● Work item:
All that should come back is the lines of the data below from the one containing "At Hays High" to the one containing "Ravensburger S Vision Wild Cats Toy", inclusive, exactly as they stand.

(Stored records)
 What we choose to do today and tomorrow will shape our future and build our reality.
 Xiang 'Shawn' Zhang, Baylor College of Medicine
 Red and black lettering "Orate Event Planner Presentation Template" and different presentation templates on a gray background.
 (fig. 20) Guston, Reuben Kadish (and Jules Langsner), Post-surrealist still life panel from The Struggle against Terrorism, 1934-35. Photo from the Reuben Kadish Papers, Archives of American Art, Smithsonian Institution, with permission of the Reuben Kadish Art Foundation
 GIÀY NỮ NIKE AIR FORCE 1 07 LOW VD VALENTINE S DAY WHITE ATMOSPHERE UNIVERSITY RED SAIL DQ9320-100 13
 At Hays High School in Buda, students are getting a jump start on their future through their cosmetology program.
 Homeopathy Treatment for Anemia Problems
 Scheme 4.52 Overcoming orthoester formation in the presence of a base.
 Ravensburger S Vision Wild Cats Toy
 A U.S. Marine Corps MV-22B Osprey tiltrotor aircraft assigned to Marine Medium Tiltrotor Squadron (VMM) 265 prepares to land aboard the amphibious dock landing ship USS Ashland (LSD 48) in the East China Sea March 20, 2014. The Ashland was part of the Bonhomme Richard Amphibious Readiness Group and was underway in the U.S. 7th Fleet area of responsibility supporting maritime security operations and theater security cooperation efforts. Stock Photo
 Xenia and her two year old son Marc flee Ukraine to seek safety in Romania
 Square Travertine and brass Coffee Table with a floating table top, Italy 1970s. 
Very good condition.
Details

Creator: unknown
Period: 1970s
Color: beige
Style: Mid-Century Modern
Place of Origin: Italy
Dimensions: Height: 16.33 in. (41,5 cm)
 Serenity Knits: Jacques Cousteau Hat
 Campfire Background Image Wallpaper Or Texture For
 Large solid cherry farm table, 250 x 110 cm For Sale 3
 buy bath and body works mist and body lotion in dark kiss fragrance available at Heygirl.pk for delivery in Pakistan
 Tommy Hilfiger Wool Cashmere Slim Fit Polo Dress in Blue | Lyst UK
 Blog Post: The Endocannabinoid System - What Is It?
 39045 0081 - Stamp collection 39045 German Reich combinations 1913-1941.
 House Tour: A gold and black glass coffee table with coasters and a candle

● Answer to the exercise:
 At Hays High School in Buda, students are getting a jump start on their future through their cosmetology program.
 Homeopathy Treatment for Anemia Problems
 Scheme 4.52 Overcoming orthoester formation in the presence of a base.
 Ravensburger S Vision Wild Cats Toy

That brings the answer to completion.